Big retailers boom amid pandemic

Many consumer advocates have grown worried about the dominance of big-box retailers during the pandemic, which have seen sales soar during lockdowns, with other retailers and restaurants shut down.

Amazon’s share price has soared 65 per cent over the past year, making its CEO and co-founder Jeff Bezos, the first person ever officially to reach US$200 billion in wealth.

But it’s been a different story for small and independent businesses. In a report issued Wednesday, economists at TD Bank warned Canada can expect to see a wave of business closures ahead, with many businesses ― particularly small and medium sized ones ― “in a life or death situation.”

Many businesses will have a harder time surviving the second wave of pandemic lockdowns, as they were already in bad shape to begin with, and of those businesses that survive, many will be struggling with large debt burdens that will limit their growth, economists Beata Caranci and Ksenia Bushmeneva wrote.

The CFIB estimates that 150,000 business in Canada will shut down as a result of the pandemic lockdowns, with 90,000 of those in Ontario.

“Only time will show the true rate of business survivorship and scarring, which will only become evident when temporary financial supports recede along with the pandemic,” the TD economists wrote.

“Significant business exits during the pandemic will leave a void that will need to be filled by new businesses once the crisis is over. Elevated personal saving and lower commercial rents should help new businesses to start on a solid footing.”
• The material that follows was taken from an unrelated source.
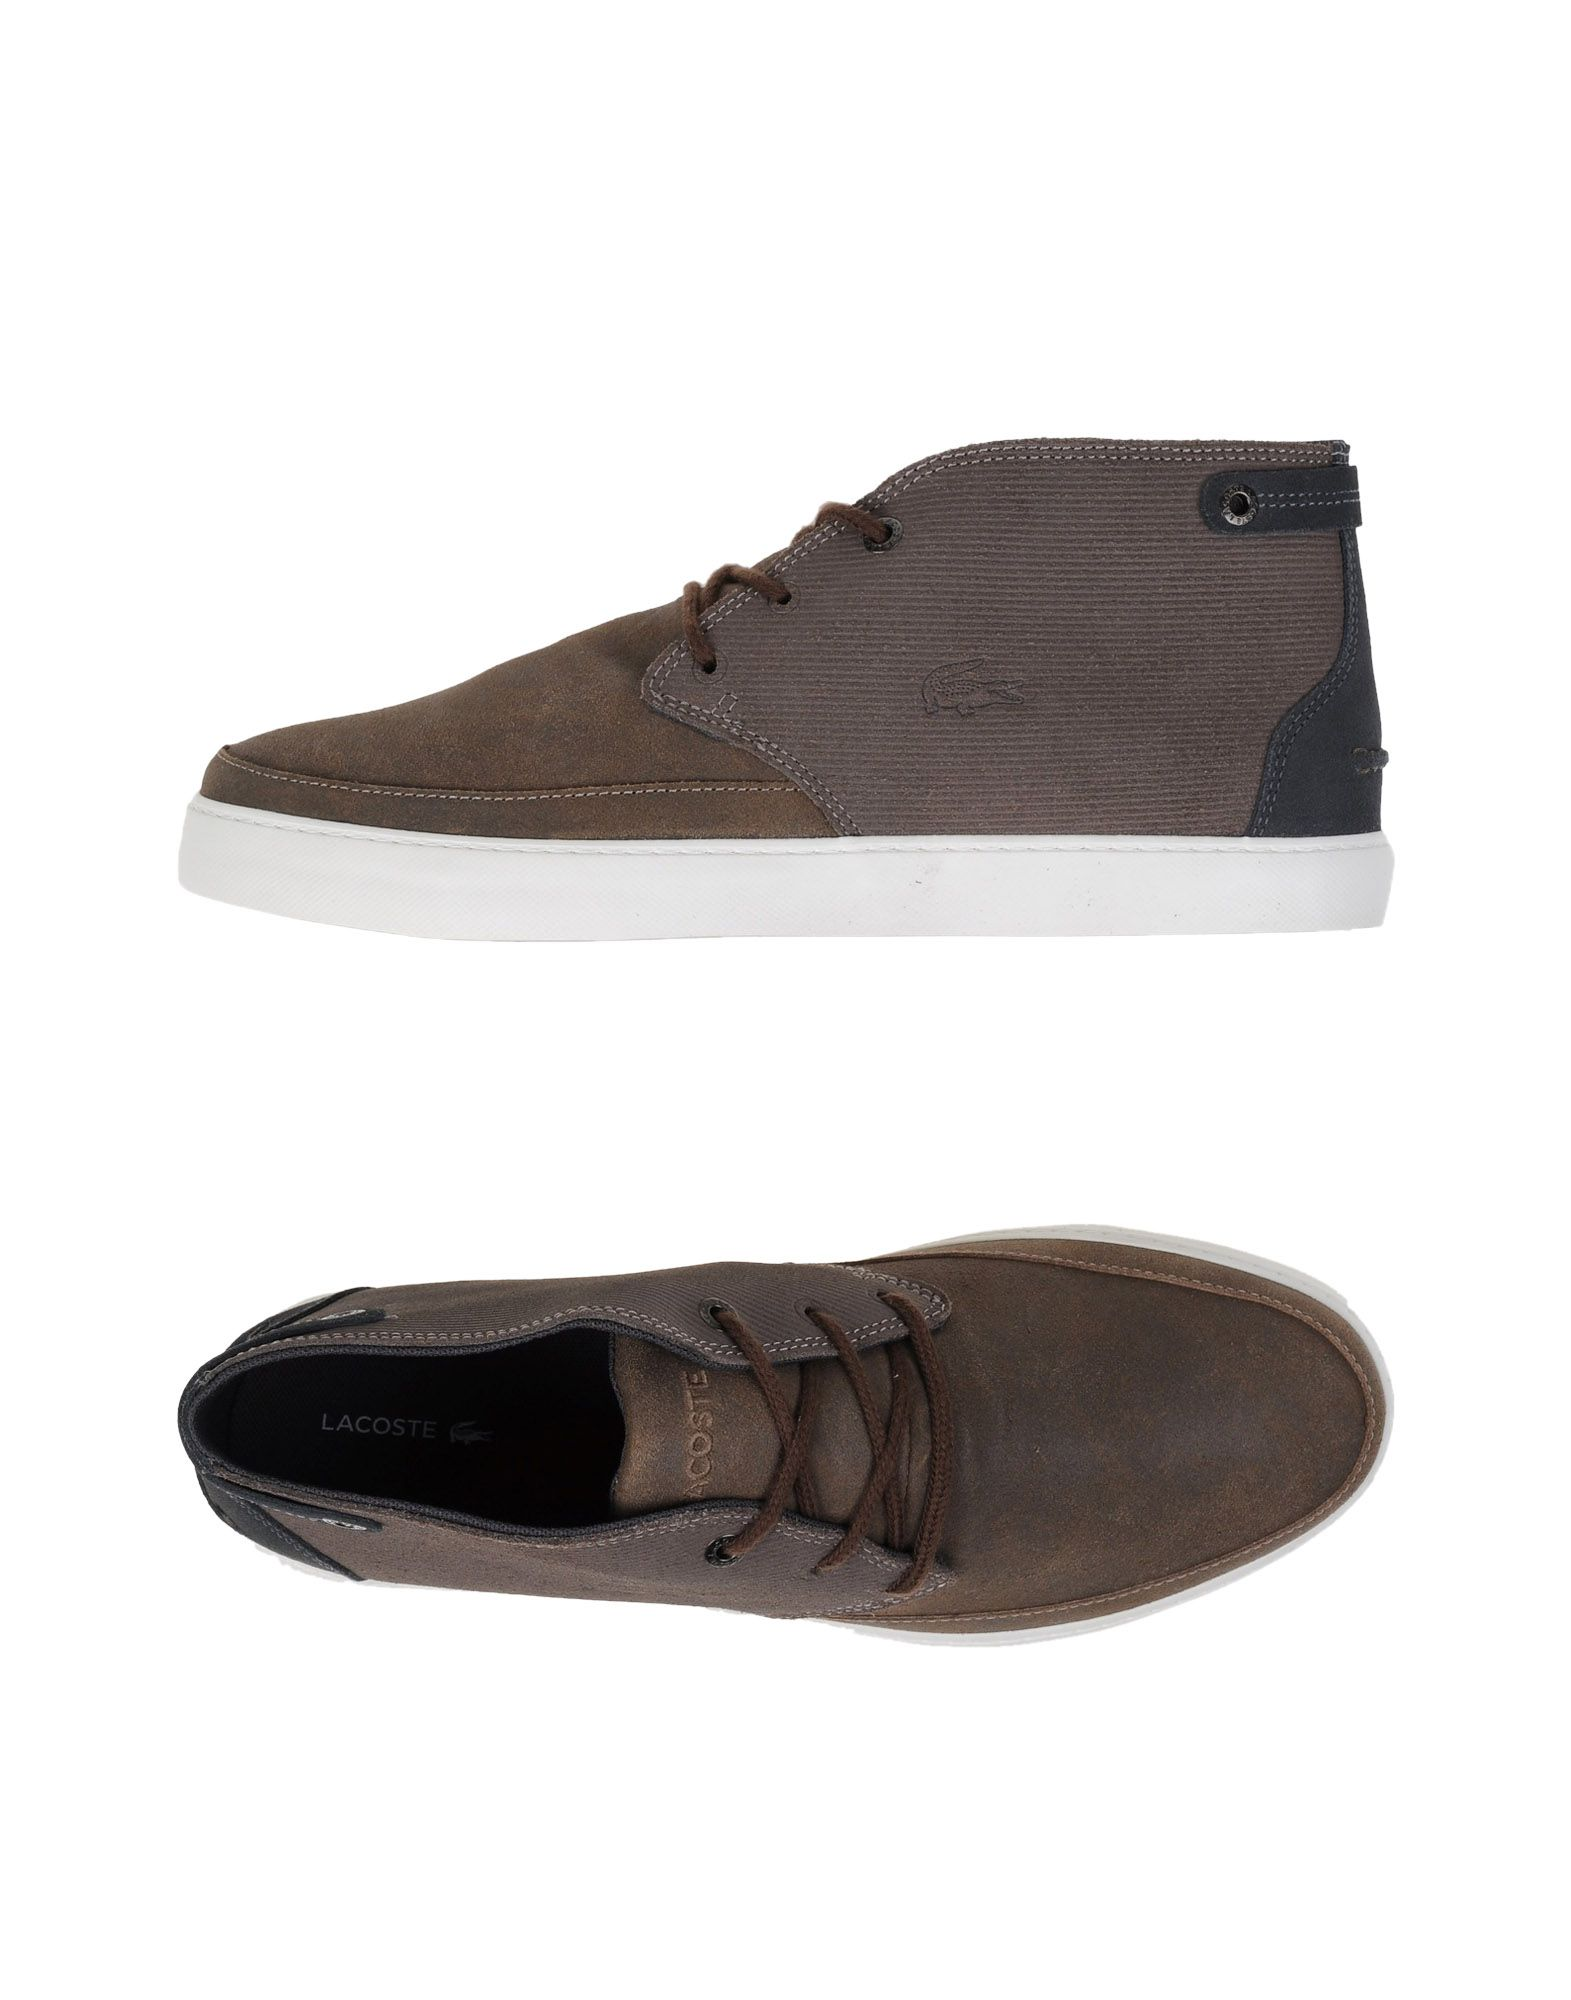 Rabatt 11106944HQ echte Schuhe Lacoste Clavel M 316 1  11106944HQ Rabatt dbf12e

Other business groups took a more welcoming tone to Ontario’s new rules. The Ontario Chamber of Commerce (OCC), which is more focused on large businesses, said the best thing for business is to get the virus under control.

“Government efforts need to be focused squarely on improved tracking and tracing, rapid testing, speeding up the current vaccination roll-out and getting support to those who need it most so we can get the province re-opened and back on the path of economic recovery,” OCC president and CEO Rocco Rossi said in a statement.